I apologize for posting so much here but I wanted to unload a few albums that I've really loved a lot over time. Soon I will be going on winter holiday and then working more so will not be able to do much in the coming time. I apologize if I offend anyone by posting (or reposting) albums here but music is bigger than any of us, as I've said before. Music has been the centre of my life for all my many years, though it's not my career, it's everything else in my life excluding family. If these rare albums were available to buy on cd at local record stores, trust me I would be bringing boxes home every day. But they aren't, for whatever ridiculous reason. Though my basement is already full of CDs, cassettes, and records, there's still (always) room for more.

This record is a typical euro-jazz from the seventies, very smooth and accessible. Not so much fusion as acoustic-based stuff, like canadians contrevent; sax and guitars play most of the melodies sans paroles.

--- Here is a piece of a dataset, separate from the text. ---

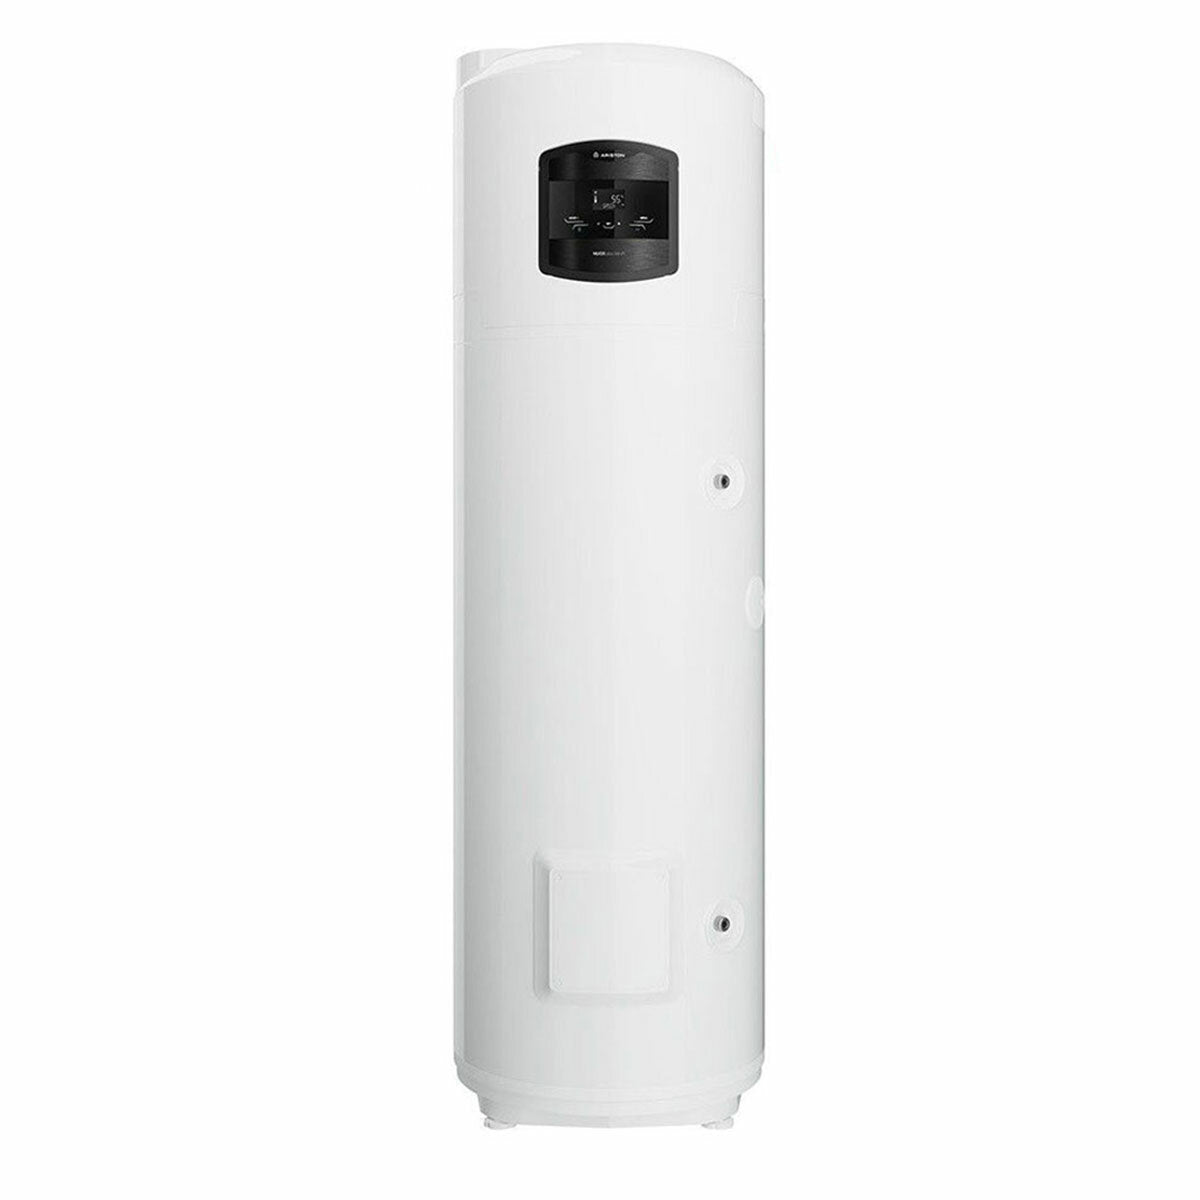 Chauffe-eau pompe à chaleur Ariston Nuos PLUS Wi-Fi 200 litres A+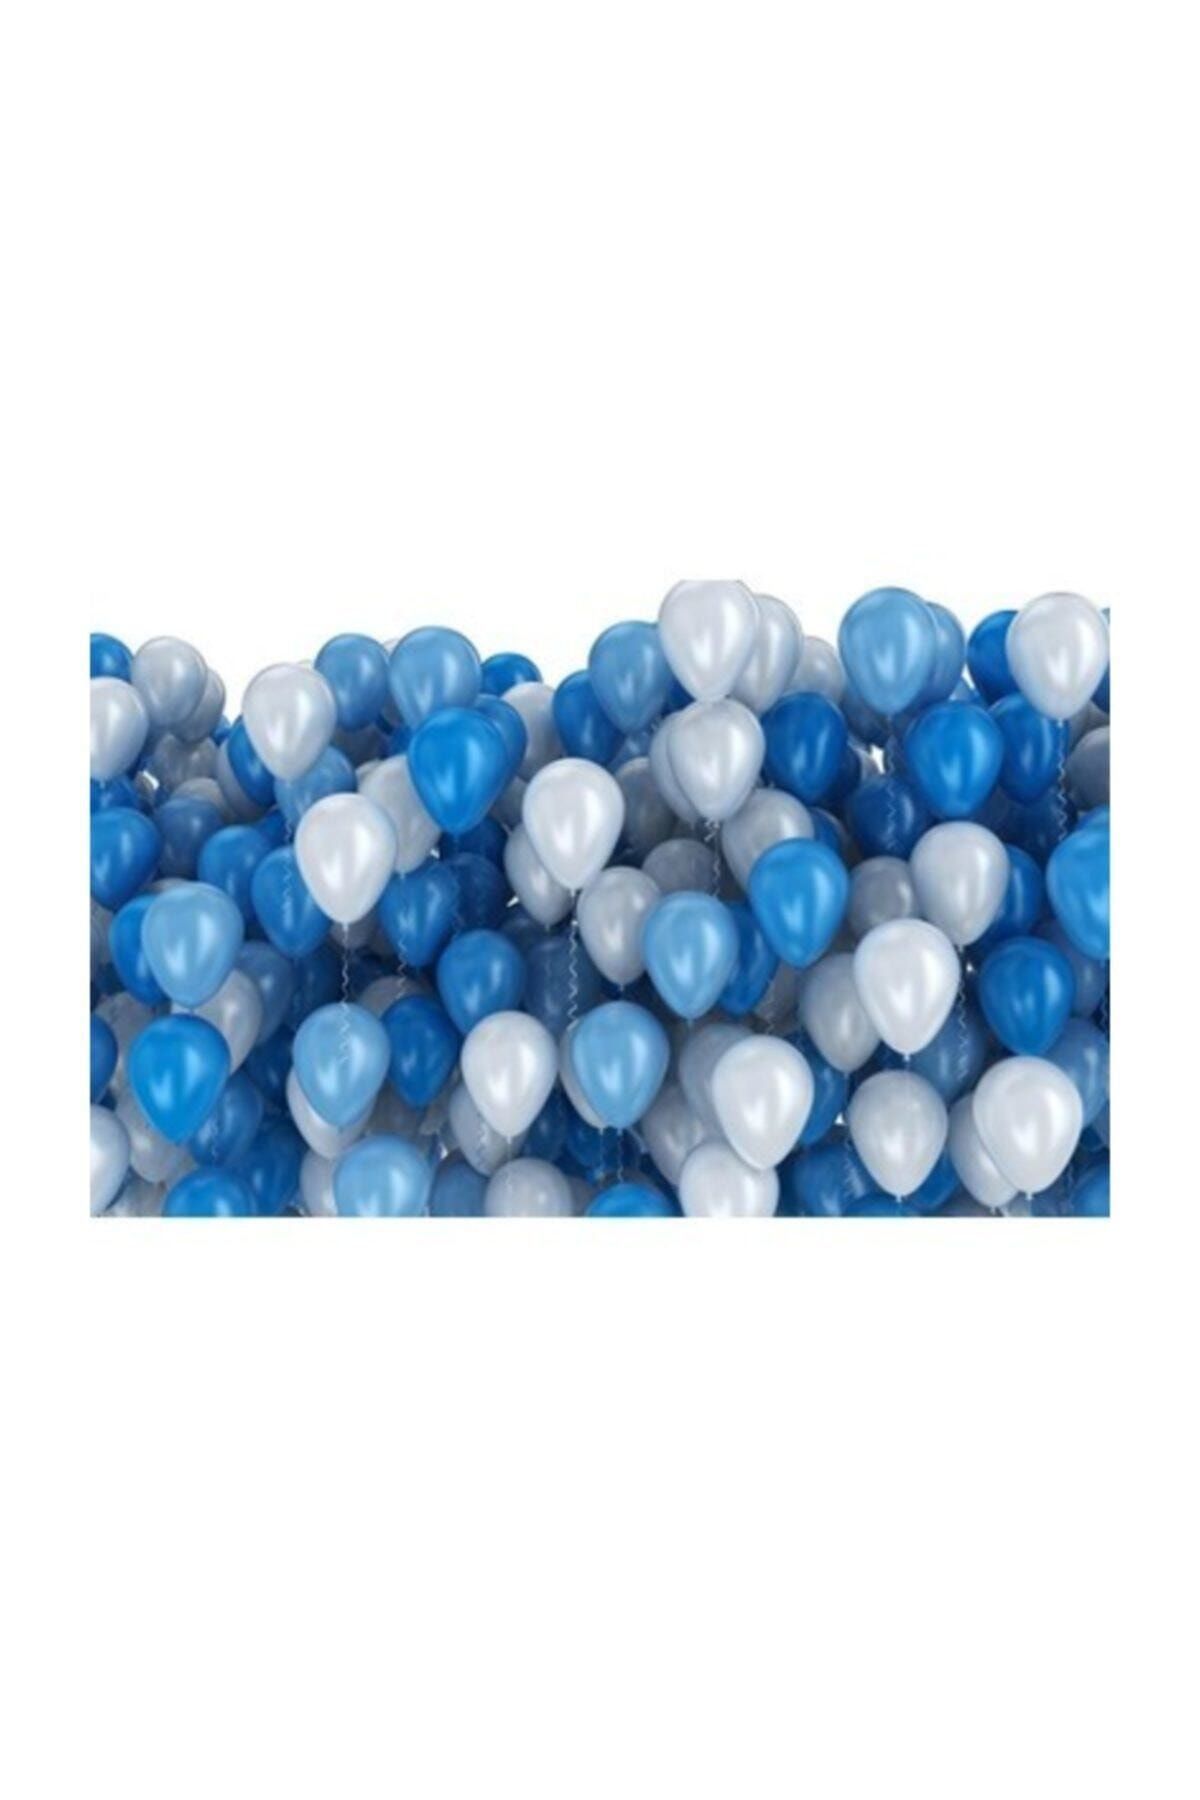 TATLI GÜNLER 25 Adet Metalik Sedefli (koyu Mavi-beyaz) Karışık Balon Helyumla Uçan

Check out the cover painting, it really melts my heart-- probably because it reminds me of the art that was current in the seventies so it takes me back to childhood again.

Compositions are relatively straightforward, not like the smooth (jazz) stuff that was all over radio in the early 80s, a little bit more clever and composed. This is the difference with European jazz and fusion, I which I'd known about it back when I loved jazz, it's more composed and more ingenious and dare I say it, less boring without the long and tedious sax and bass solos typical of the American style. To me the highlight is track 5, which uses some really nice Wayne Shorter type phrases on top of quite ingenious chords and repeated modulations. By the last track you may find yourself lullabyed to sleep, but the finish is quite gentle and relaxing with acoustic guitar on piano arpeggios, so try to wake up for it if you can.
These guys did another album in 1974 called Crazy Squares that in my opinion is not as good, I think it's easy to find.

5 - Restrött...
8 - Födselande...

Sunday, January 23, 2011

Dune - Le chien des dunes (1973)

Dune is said to be the best selling science fiction novel of all time.  It was written by Frank Herbert and published in 1965.  Those of my age group will remember from childhood many kids carrying the heavy book under their arms in grade school or high school and referencing Paul Atreides or Duncan Idaho knowingly to the annoyance of the rest of us.  It had an enormous influence on progressive music in particular, the most obvious being french zeuhl band Dun.  A younger cohort will recall the disastrous David Lynch movie version with Kyle MacLachlan released in 1984, often seen in lists of worst movies ever.  I never saw it so I can't speak for it.  The book (I didn't bother to read that either) is about human struggles set far in the future of the order year 20,000 or thereabouts over control of a desert planet and a spice melange which extends life.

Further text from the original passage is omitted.